### Information provided
******

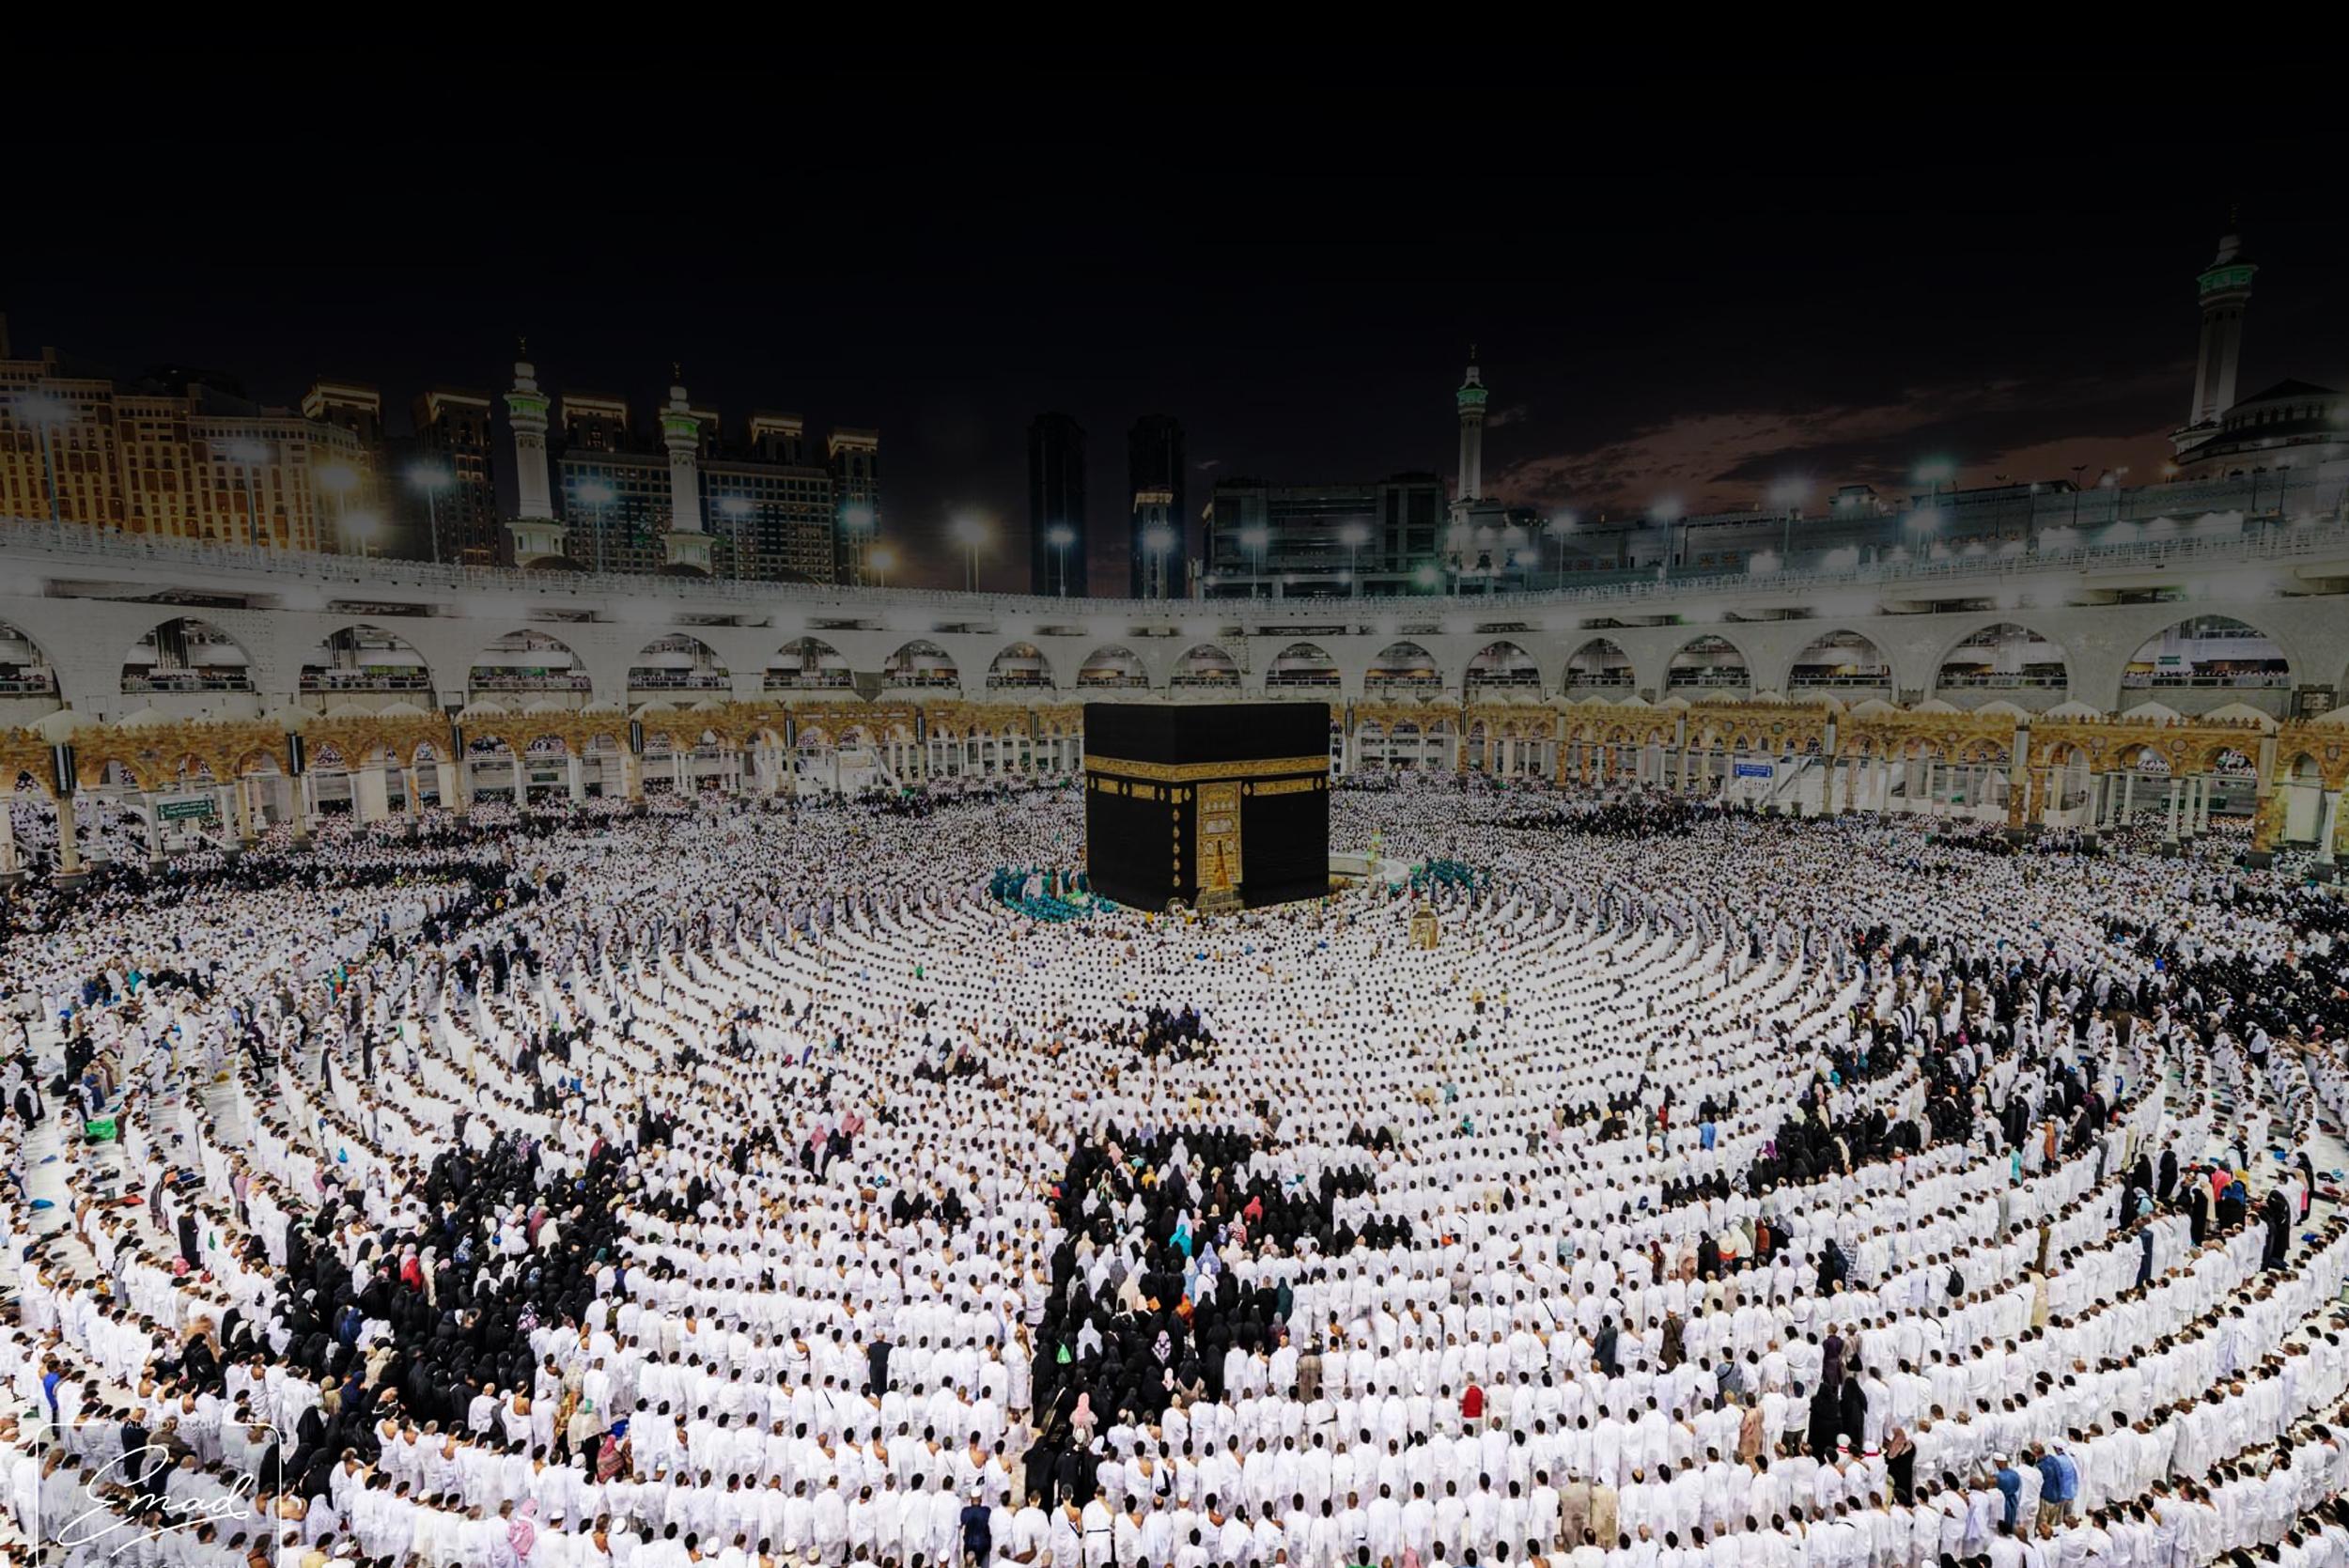 Sayyidul Istighfar- The best way to seek forgiveness
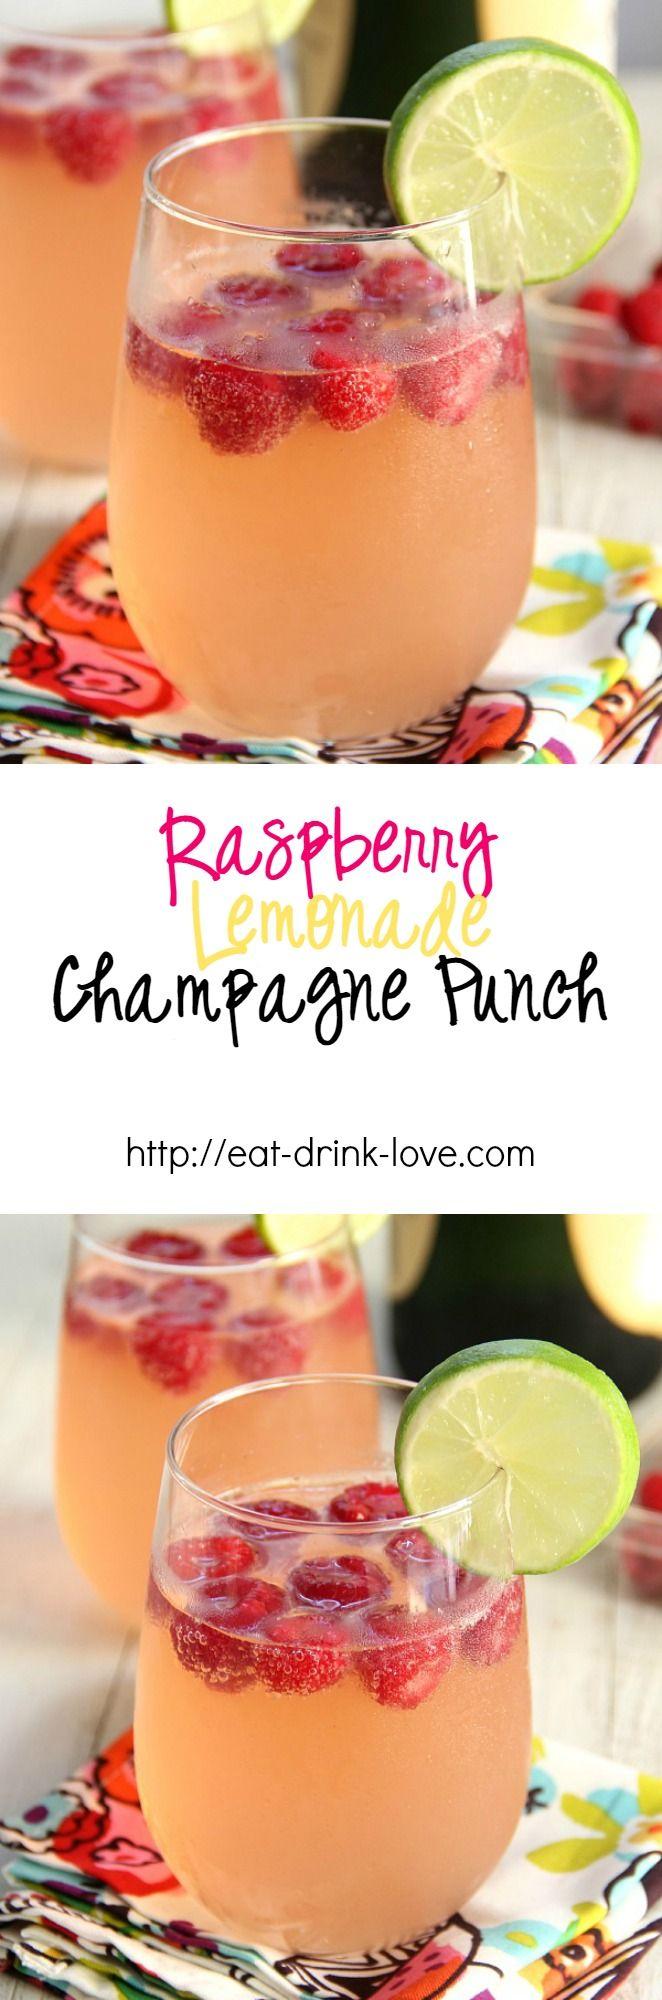 Raspberry Lemonade Champagne Punch - Eat. Drink. Love.
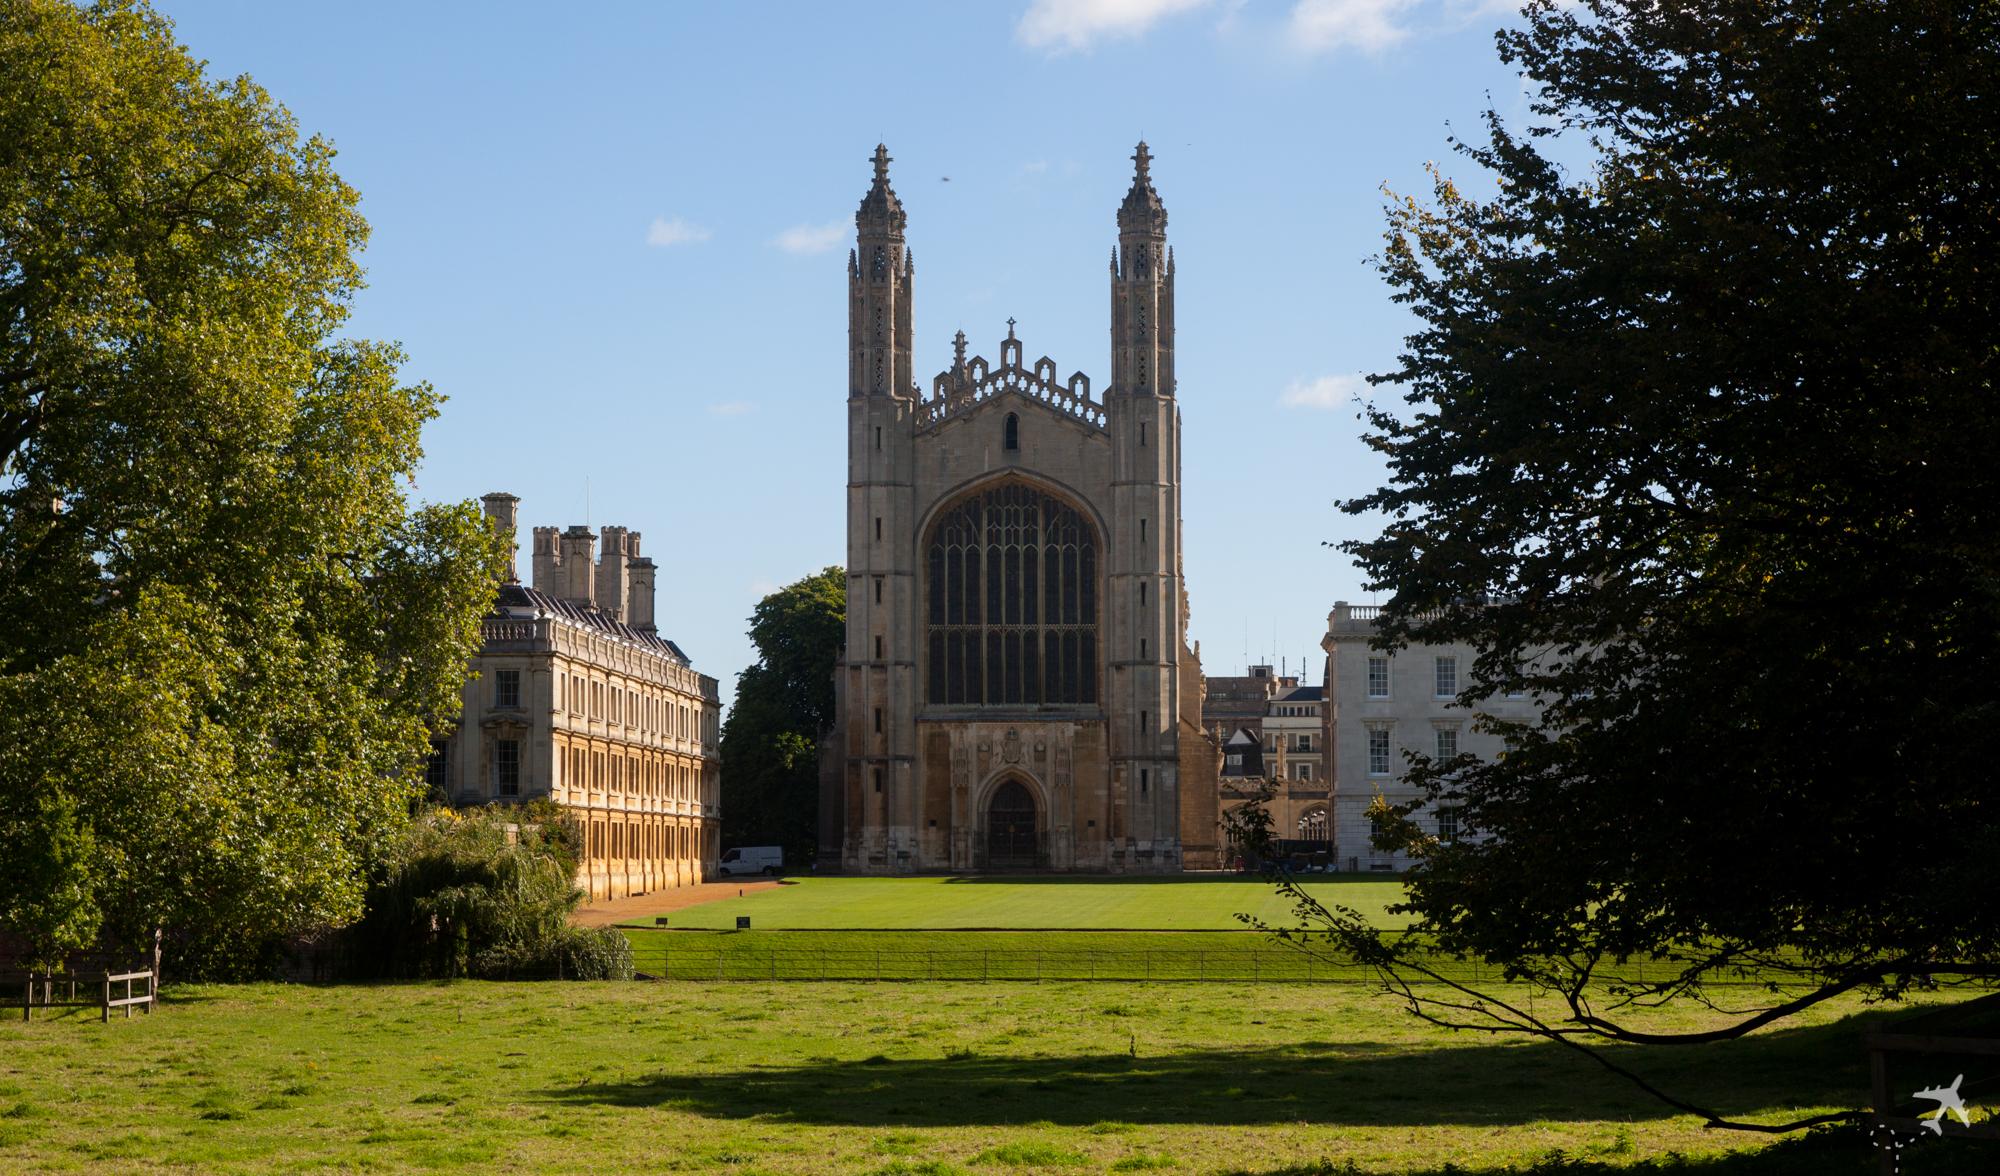 King's College Chapel, Cambringe, Großbritannien

******

### Exercise details
Everything in the data except the pictures needs to be written out exactly.

### Expected output
 Sayyidul Istighfar- The best way to seek forgiveness
 Raspberry Lemonade Champagne Punch - Eat. Drink. Love.
 King's College Chapel, Cambringe, Großbritannien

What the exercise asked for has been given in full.